Spraying with selective technology in Argentina generates savings
Dec. 14, 2020
By Leonardo Gottems, reporter for AgroPages
Agronomist Esteban Bilbao, from Agroestudio Viento Sur SRL, points out that there has been an expressive growth in the use of technology for the selective application of agrochemicals in Argentina in 2020.
According to him, with the use of intelligent spraying, the amount of herbicides needed for weed control decreases on average between 65% and 75%, reaching 98% in extreme cases.
Bilbao, who is a member of the Pest Management Network (REM), said that the selective application of pesticides not only reduces the amount of herbicides applied but also achieves greater control. That is because there is no need to wait for the weeds grow to do a great spray.
During the event Agroactiva Virtual, the agronomist revealed that the maximum adoption of this technology occurs in northern Argentine regions, such as Chaco and Santiago del Estero, where there is a significant cost in the applications. There are currently around 280 spraying applications in these areas with targeted application technology, including Weed IT and Weed Seeker, with a national product, Eco Sniper by Milar, about to enter the market.
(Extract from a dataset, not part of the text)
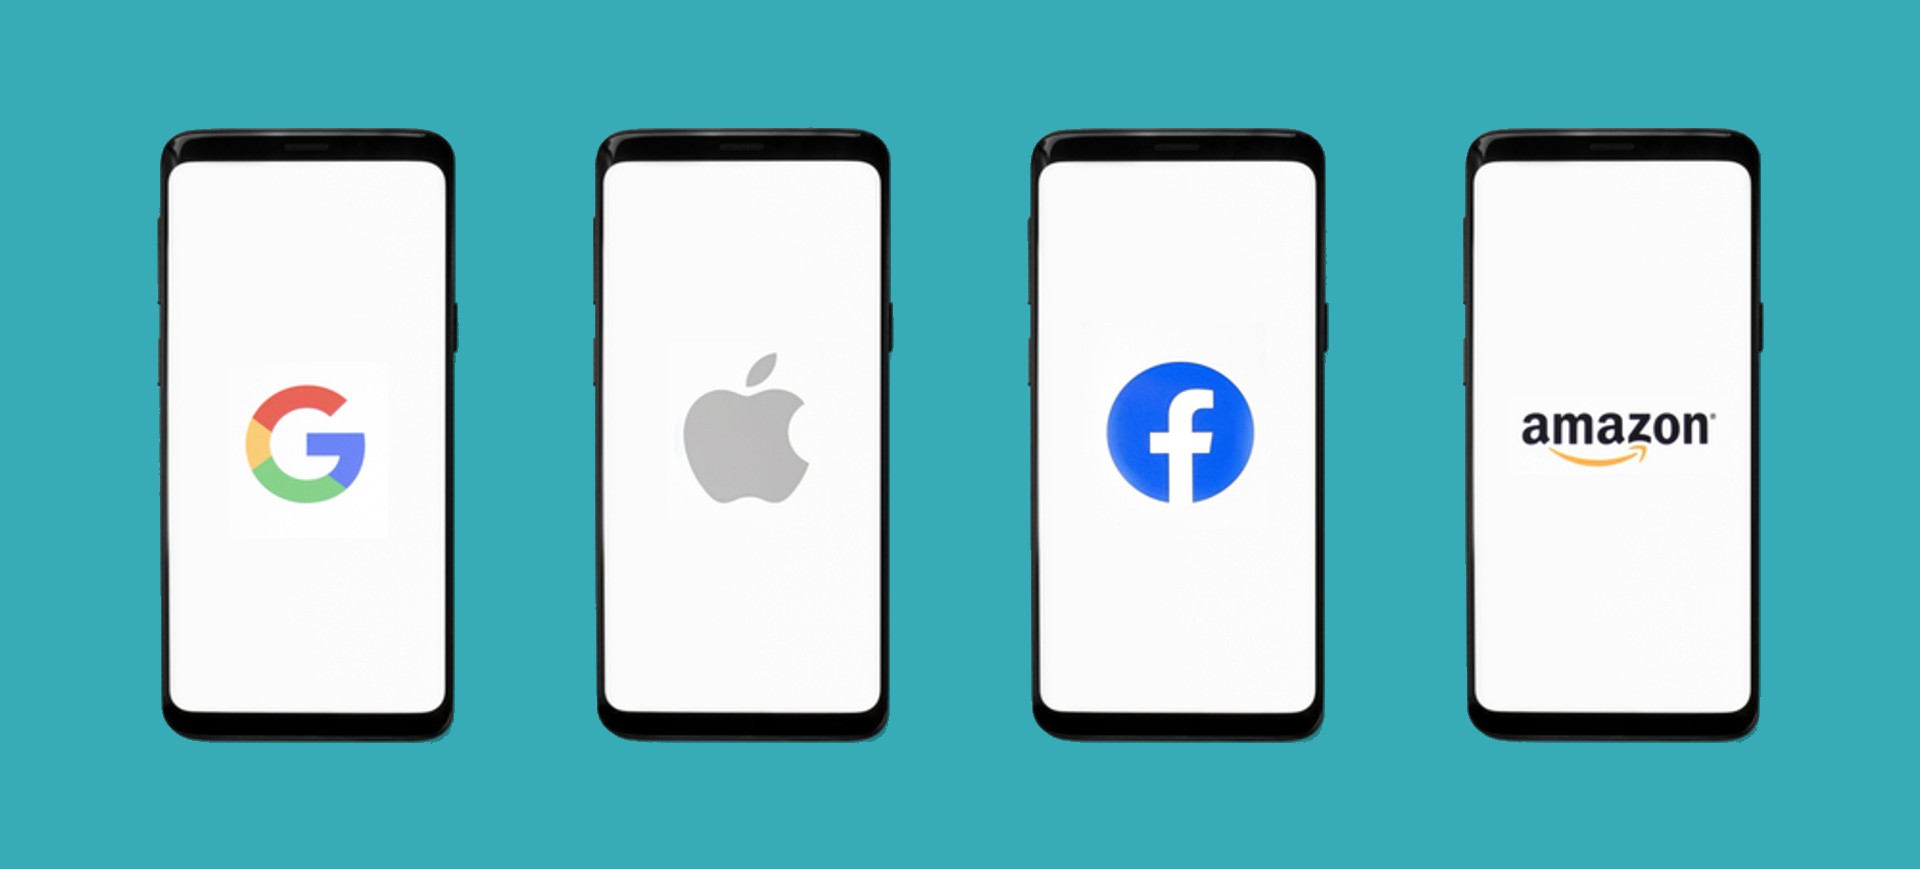 Imagens de telas de quatro celulares colocados um ao lado do outro, cada um com o logotipo de uma empresa de TI, da esquerda para a direita: Google, Apple, Facebook e Amazon, representando as Big Techs

Bilbao pointed out that the biggest obstacle to the adoption of this technology in Argentina was the cost, which varies between US$120,000 and $180,000. But the technician explained that the investment “ends up paying for itself with herbicide savings”.
“In all areas, we can adopt technology, which in the very short term can help us halve the application of chemicals,” the specialist from Agroestudio Viento Sur SRL highlighted. According to him, “something fundamental” is to calibrate the equipment, measuring the diameter of the weed to be detected while “The monitoring must be adequate to these new technologies”.
The index (Cornell University's EIQ) is also used to measure environmental impact. “This index measures the environmental impact on the environment, the operator and the consumer. We are achieving 78% less environmental impacts than with a full coverage application,” he said in conclusion.